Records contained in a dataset
--- START ---

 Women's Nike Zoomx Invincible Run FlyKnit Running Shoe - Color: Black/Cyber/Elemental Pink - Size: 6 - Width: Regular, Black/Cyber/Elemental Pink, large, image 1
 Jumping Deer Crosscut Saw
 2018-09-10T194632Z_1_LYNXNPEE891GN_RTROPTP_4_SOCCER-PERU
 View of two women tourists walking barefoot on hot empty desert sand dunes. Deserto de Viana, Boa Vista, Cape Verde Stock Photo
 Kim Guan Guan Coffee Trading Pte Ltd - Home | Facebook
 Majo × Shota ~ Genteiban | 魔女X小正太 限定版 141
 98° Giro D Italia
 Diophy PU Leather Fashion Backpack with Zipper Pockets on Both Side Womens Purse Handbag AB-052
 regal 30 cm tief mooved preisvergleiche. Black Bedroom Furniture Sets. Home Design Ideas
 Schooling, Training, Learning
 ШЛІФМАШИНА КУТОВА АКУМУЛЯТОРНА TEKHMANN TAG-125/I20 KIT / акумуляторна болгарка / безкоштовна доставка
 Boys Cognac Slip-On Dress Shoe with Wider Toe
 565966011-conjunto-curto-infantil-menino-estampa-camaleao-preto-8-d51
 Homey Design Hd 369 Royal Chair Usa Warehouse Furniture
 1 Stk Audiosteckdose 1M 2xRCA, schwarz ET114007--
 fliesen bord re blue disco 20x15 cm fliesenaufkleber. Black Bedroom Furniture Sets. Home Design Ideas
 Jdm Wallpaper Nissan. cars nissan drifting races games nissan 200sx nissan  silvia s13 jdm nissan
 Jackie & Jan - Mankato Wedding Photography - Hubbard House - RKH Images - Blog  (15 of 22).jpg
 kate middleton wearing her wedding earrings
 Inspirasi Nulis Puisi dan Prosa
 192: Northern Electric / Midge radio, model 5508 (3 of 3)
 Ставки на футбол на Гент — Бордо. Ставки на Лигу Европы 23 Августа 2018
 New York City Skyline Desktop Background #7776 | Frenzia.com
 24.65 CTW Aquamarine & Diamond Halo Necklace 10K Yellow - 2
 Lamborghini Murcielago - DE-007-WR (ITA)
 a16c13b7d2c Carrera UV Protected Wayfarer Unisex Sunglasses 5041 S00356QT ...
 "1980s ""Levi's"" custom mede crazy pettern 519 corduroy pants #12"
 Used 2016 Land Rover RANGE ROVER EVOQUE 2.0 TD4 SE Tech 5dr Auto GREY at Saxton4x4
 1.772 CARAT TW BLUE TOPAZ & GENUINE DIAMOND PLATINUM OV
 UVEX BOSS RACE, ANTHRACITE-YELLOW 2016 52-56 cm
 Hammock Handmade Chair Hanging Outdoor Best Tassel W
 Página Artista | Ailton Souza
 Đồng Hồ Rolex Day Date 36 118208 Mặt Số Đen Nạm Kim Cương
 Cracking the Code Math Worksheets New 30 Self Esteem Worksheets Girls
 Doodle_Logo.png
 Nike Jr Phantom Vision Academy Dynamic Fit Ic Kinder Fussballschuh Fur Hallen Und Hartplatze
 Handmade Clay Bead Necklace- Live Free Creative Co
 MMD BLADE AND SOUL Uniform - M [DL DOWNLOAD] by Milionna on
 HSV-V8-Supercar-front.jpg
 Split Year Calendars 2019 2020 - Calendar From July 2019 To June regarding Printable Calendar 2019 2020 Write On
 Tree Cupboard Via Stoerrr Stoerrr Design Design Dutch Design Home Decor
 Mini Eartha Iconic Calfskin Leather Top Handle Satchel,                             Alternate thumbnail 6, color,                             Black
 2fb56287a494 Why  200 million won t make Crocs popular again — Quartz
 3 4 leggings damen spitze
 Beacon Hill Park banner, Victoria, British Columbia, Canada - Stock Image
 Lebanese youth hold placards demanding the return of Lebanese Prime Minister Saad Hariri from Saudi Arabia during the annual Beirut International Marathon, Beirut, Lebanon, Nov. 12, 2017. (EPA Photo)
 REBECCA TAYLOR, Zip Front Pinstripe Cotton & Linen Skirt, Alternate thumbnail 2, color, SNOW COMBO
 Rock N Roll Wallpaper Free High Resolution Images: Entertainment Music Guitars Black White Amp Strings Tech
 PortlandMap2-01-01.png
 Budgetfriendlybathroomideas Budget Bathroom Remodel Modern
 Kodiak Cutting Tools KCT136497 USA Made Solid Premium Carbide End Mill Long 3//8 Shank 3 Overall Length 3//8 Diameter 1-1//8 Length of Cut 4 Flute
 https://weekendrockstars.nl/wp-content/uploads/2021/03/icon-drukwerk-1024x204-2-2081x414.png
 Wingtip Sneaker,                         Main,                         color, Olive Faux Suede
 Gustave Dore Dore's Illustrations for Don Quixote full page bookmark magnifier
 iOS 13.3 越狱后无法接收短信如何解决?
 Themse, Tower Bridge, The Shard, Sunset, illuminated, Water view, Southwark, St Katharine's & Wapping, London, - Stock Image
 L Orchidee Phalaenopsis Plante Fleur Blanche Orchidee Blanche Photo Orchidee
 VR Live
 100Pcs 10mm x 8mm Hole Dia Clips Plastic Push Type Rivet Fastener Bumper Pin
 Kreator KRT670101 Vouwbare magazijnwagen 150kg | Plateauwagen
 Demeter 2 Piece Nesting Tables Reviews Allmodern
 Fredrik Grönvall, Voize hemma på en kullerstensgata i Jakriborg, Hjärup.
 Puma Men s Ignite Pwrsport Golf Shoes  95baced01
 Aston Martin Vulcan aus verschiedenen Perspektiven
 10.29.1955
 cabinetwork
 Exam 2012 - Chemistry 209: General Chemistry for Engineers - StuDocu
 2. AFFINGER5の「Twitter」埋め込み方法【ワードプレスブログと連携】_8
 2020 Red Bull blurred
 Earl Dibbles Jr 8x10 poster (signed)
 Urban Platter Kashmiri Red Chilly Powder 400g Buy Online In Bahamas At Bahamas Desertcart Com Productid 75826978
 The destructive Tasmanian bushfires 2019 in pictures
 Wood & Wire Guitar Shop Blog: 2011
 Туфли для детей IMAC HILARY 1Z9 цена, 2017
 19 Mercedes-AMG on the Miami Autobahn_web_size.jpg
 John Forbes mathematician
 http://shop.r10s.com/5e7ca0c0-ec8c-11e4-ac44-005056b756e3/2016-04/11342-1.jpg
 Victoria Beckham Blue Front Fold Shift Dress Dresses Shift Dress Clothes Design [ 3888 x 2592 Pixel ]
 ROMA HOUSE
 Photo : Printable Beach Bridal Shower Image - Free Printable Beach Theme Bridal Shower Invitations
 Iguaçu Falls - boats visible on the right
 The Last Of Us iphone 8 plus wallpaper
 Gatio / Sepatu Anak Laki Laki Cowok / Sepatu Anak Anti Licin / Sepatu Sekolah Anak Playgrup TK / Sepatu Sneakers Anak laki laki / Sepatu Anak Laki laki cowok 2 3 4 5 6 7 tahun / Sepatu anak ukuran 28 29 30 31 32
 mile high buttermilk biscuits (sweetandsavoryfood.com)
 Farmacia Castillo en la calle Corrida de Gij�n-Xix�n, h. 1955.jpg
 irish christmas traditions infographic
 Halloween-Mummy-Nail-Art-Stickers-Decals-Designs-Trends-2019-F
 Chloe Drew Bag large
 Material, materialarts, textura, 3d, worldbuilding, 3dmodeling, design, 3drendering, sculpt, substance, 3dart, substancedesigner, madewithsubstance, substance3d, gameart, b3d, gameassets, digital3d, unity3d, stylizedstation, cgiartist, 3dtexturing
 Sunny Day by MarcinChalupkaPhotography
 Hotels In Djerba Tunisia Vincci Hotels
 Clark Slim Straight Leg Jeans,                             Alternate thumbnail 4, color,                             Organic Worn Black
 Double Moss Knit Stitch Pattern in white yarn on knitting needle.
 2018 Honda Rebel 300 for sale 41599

--- END ---

Task statement
Report how many lines in the data contain the word "Free", with no words besides the number.

Output for this task
3